Chante ma ville


Chante , mon fier pays , chante mon fier village ,

Chante nos belles forêts , nos monts et nos rivages ,

Chante nos froids matins et nos fortes chaleurs ,

Chante notre visage , chante notre bonheur .


Chante nos clairs ruisseaux , nos souvenirs d’enfance ,

Nos voisins , nos amis , nos espoirs , nos errances ;


Chante le bel été quand siffle le bouvreuil ,

Et Printemps quand Coucou s’égosille tout seul ,

Et Automne quand noisettes sont folies d’écureuil ,

Et Hiver, quand la neige a recouvert nos seuils.

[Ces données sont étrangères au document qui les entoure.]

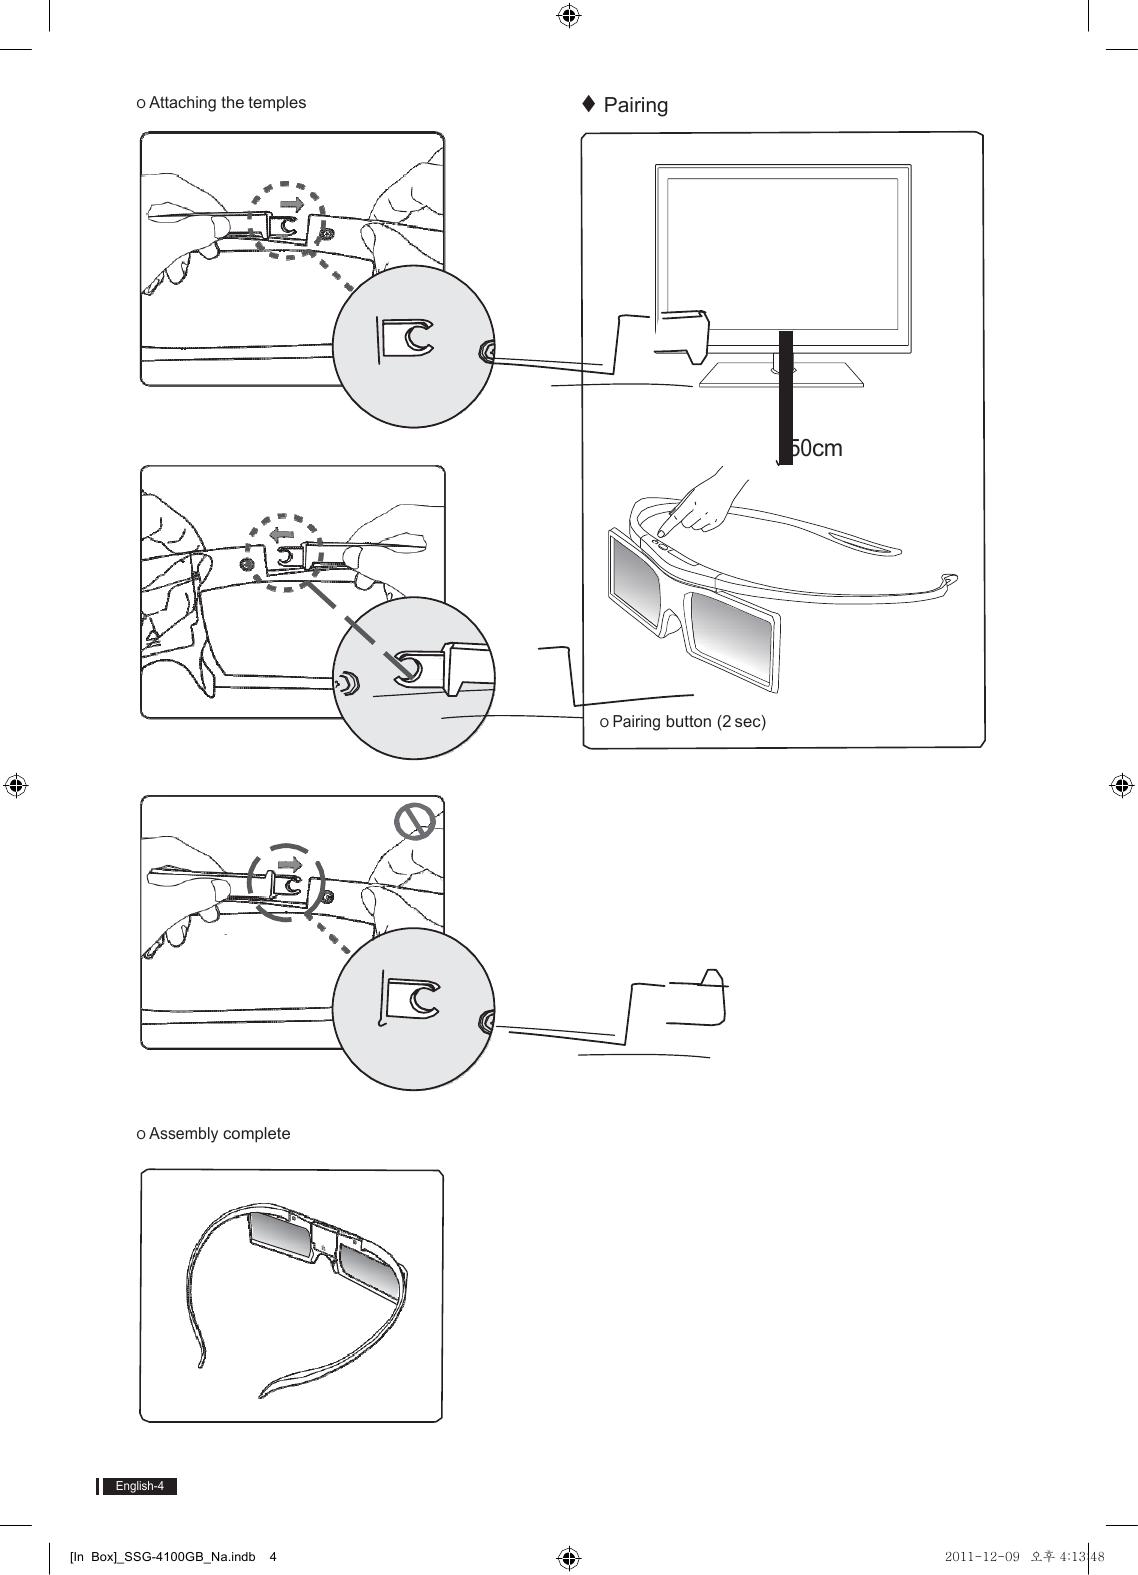 Samsung 3d glasses manual pdf

Chante nos folles passions , chante nos durs labeurs ,

Oui , chante nos usines , nos sarts , nos travailleurs,

Chante nos belles légendes , nos preux , nos enchanteurs ,

Chante notre vieille vallée , et ses hommes et leur cœur.


Chante, mon Bogny , chante ,

                      Nos espoirs , nos désirs ,

Chante , mon Bogny ,chante ,

                      Chante notre avenir !

      Janvier 2006                                              


A Bogny …… mon passé,……  mes aïeux, …… mon présent,…… notre ville.


Sur Bogny ce matin, s’est soulevée la brume ;

         Du voile des souvenirs , elles émergent une à une :

               Trois villes, trois patries ; l’une de mon enfance :


Château : son ermitage , Château : ses quatre fils,

Ses rocs noirs, sa forêt et ses serfs qui s’échinent.


Et puis Braux , Braquae ,des trois : l ’ ancien village ,

Braux et sa collégiale , ses saints , ses pèlerinages .


Et  enfin , Levrézy , secrète Damoiselle ,

Toute jeune , toute douce , enfouie dans ses dentelles .


Venues du fond des âges , aux rives de la Meuse ,

Toutes trois , une à une , elles se sont installées .

Descendantes des Celtes , Peuple de la souffrance ,

Peuple des invasions , paysans , ouvriers ,

Peuple de la misère , mais Peuple du courage !


Toutes trois : Une seule ; Nos enfants ; L’ Avenir .


Oh !  comme je voudrais que cessent les querelles !

Oh ! comme je voudrais , qu ‘ enfin tous réunis ,

Nés ici , Nés ailleurs ,Là , tout près , loin , très loin ,

Nous ne formions plus qu’ un et chantions d ’ un seul chœur ,


Pour Bogny notre Aimée !  pour Bogny notre Belle !                                            

A ma ville

A MA VILLE

Quatre Fils


C’était par un matin de brume et de lumière

Du haut de l’Hermitage, j’ai vu les quatre Fils.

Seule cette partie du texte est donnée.